Investors can best prepare against an eventual market slowdown by buying cheap, unloved stocks, GMO says.
The investment firm finds the extreme discounts of deep value stocks attractive.
Once bullish sentiment starts to unwind, these valuations should correct, GMO wrote.
It’s time to embrace the market’s cheapest stocks, with the value sector poised to eventually roar back, GMO wrote in a new research note.
The investment firm, led by legendary investor Jeremy Grantham, outlined a high conviction in “deep value” equities — or stocks that are cheap relative to their genuine fundamental worth.
Based on this criteria, the investment firm began targeting the cheapest 20% of stocks in May 2023, steering clear of “deceptively cheap” value traps.
“In a world where many stocks are being driven ever higher by positive sentiment and investor optimism, many of the ones that have been most unloved and left behind are trading at extraordinary discounts,” the firm wrote.
Over the past year, US investment has skewed heavily toward large-cap tech names, helping benchmark indexes notch a series of all-time highs.

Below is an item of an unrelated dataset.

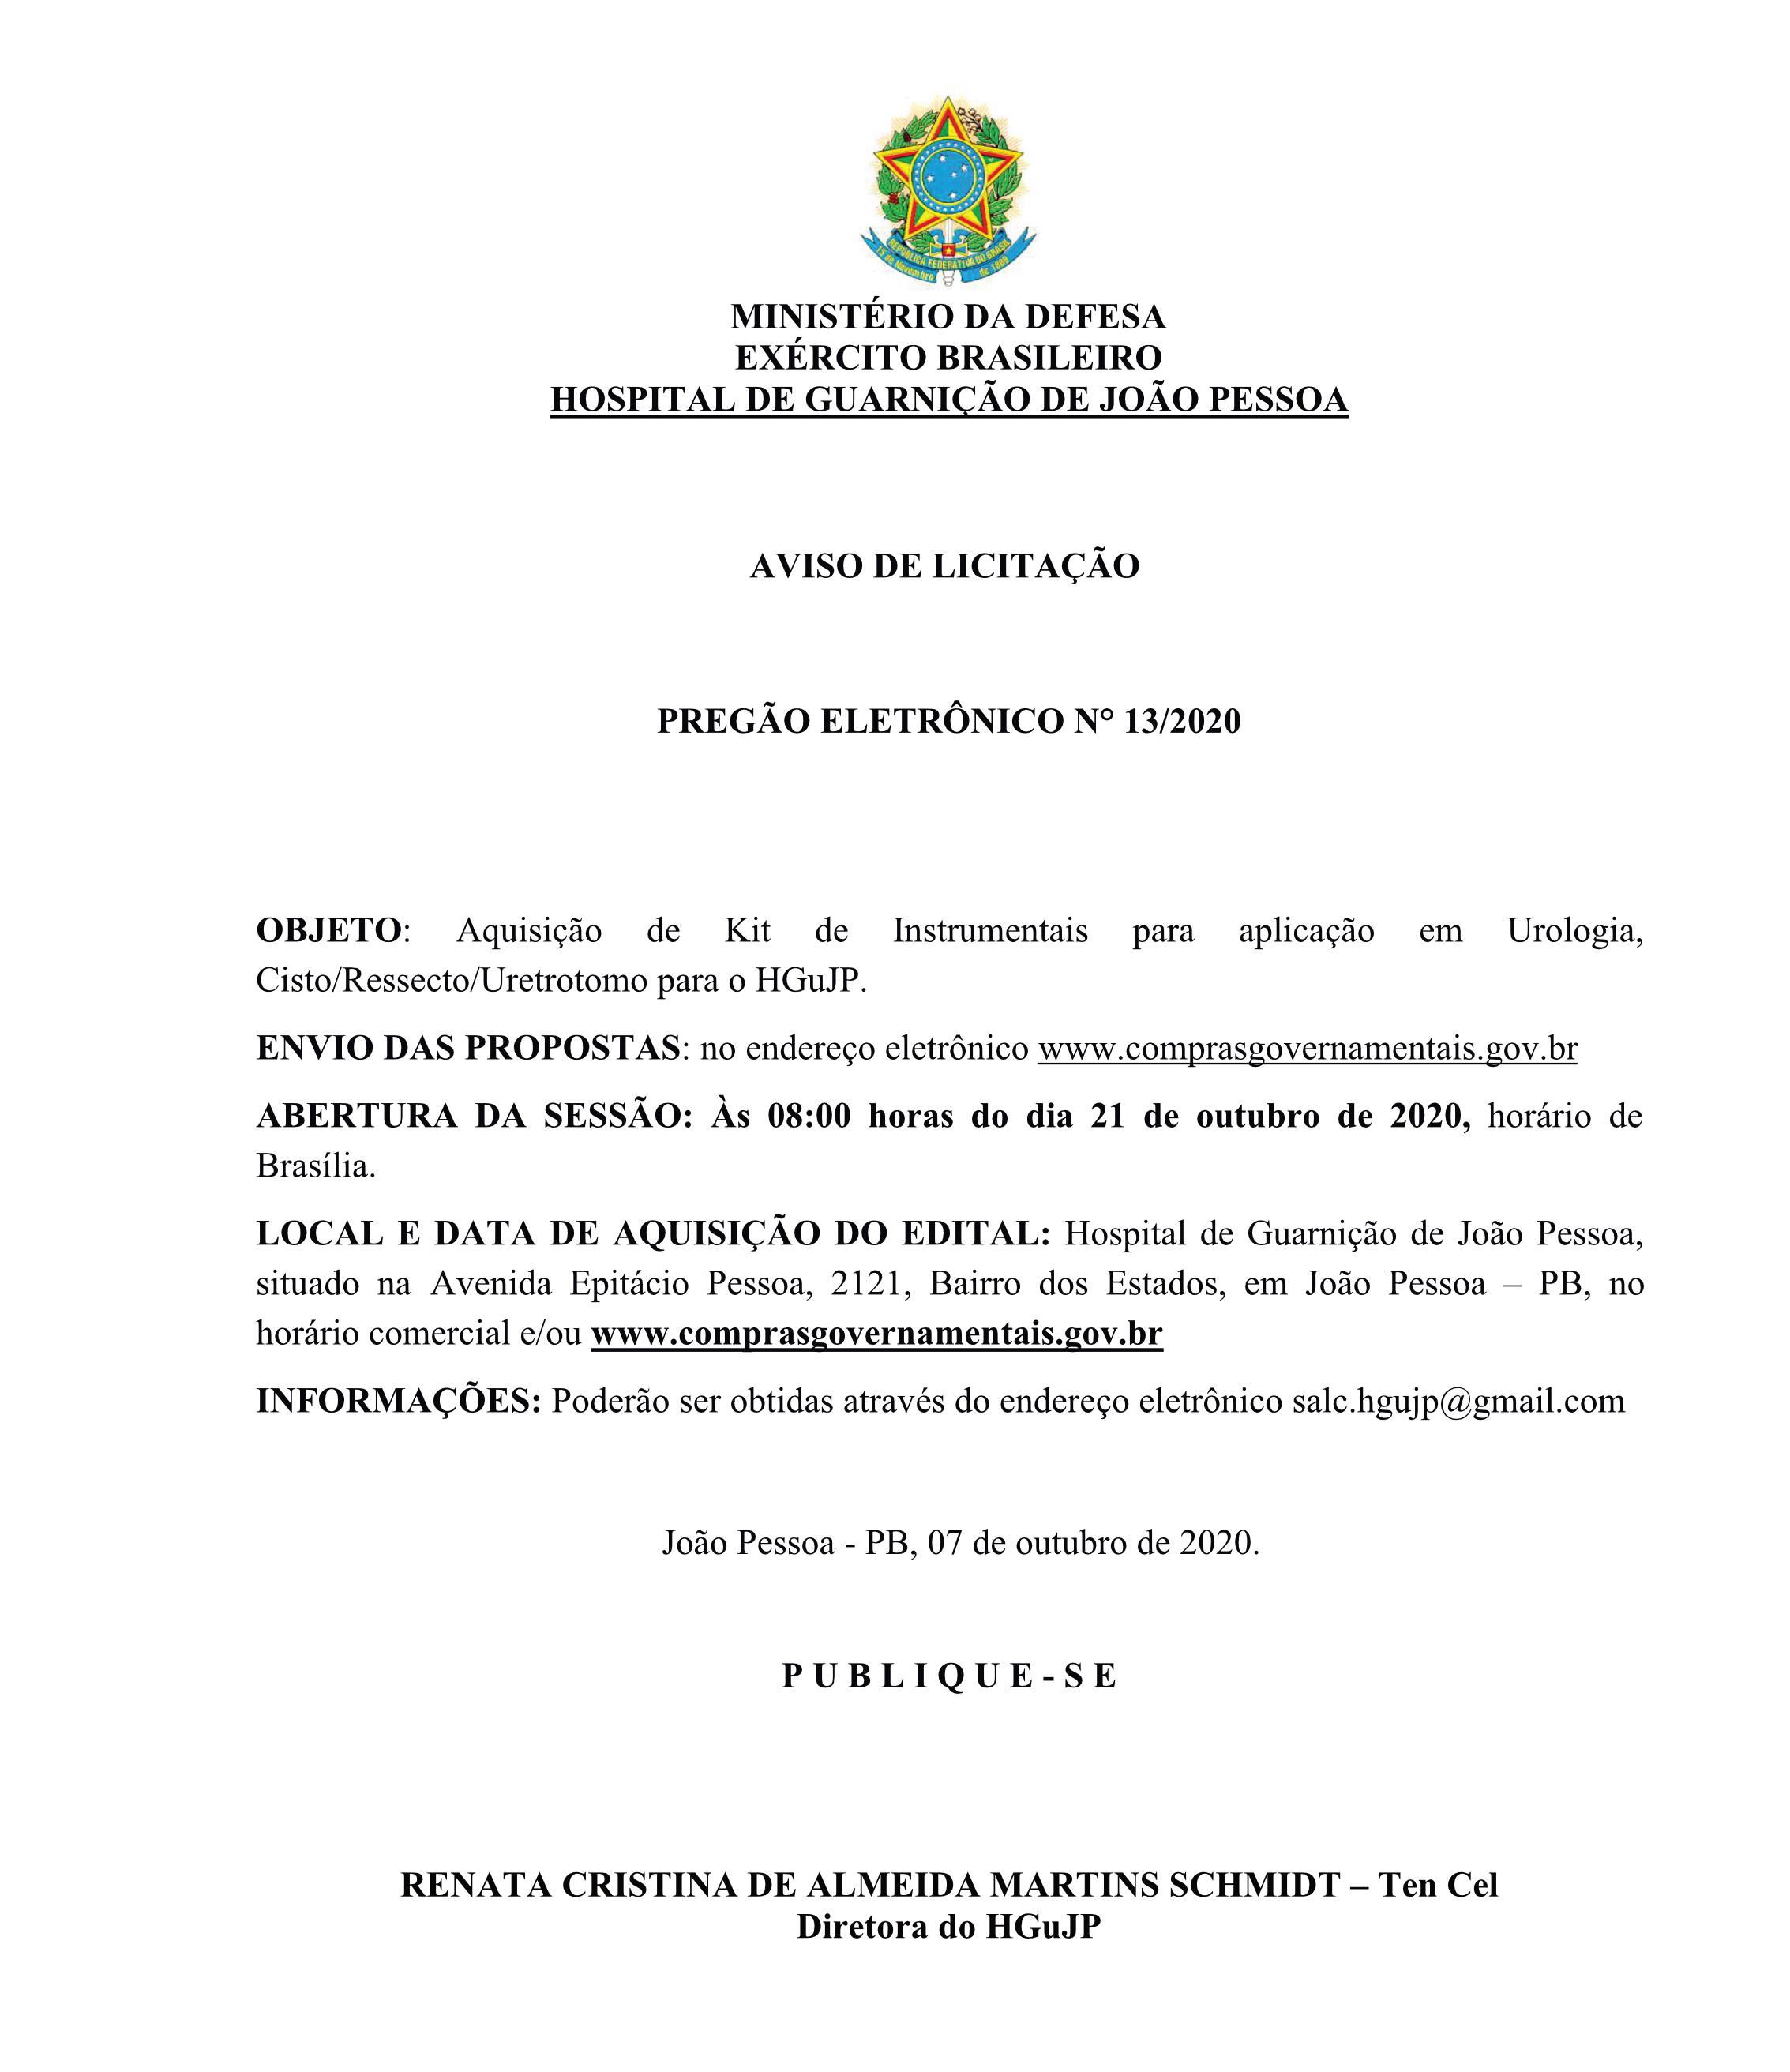 HOSPITAL DE GUARNIÇÃO DE JOÃO PESSOA – AVISO DE LICITAÇÃO – PREGÃO ELETRÔNICO N° 13/2020

Against this backdrop, deep value stocks have become extremely cheap — not only against the broader market but also in comparison to history.
“Outside of the US all value is cheap, but deep value is in the 2nd percentile of its history,” the note said. “Within the US, deep value is similarly sitting at the 10th percentile of its history, while the rest of value should largely be ignorable at current valuations.”
According to GMO, that makes deep value well-positioned to deliver strong returns once investor sentiment toward mega-caps starts to unwind. Earlier this year, GMO projected a 1% decline in US large-caps in the next seven years, predicting that deep value stocks will achieve 7.6% gains.
“The S&P 500 is tech and growth heavy, so an investment in international value is the perfect complement from more than just a regional perspective,” GMO wrote.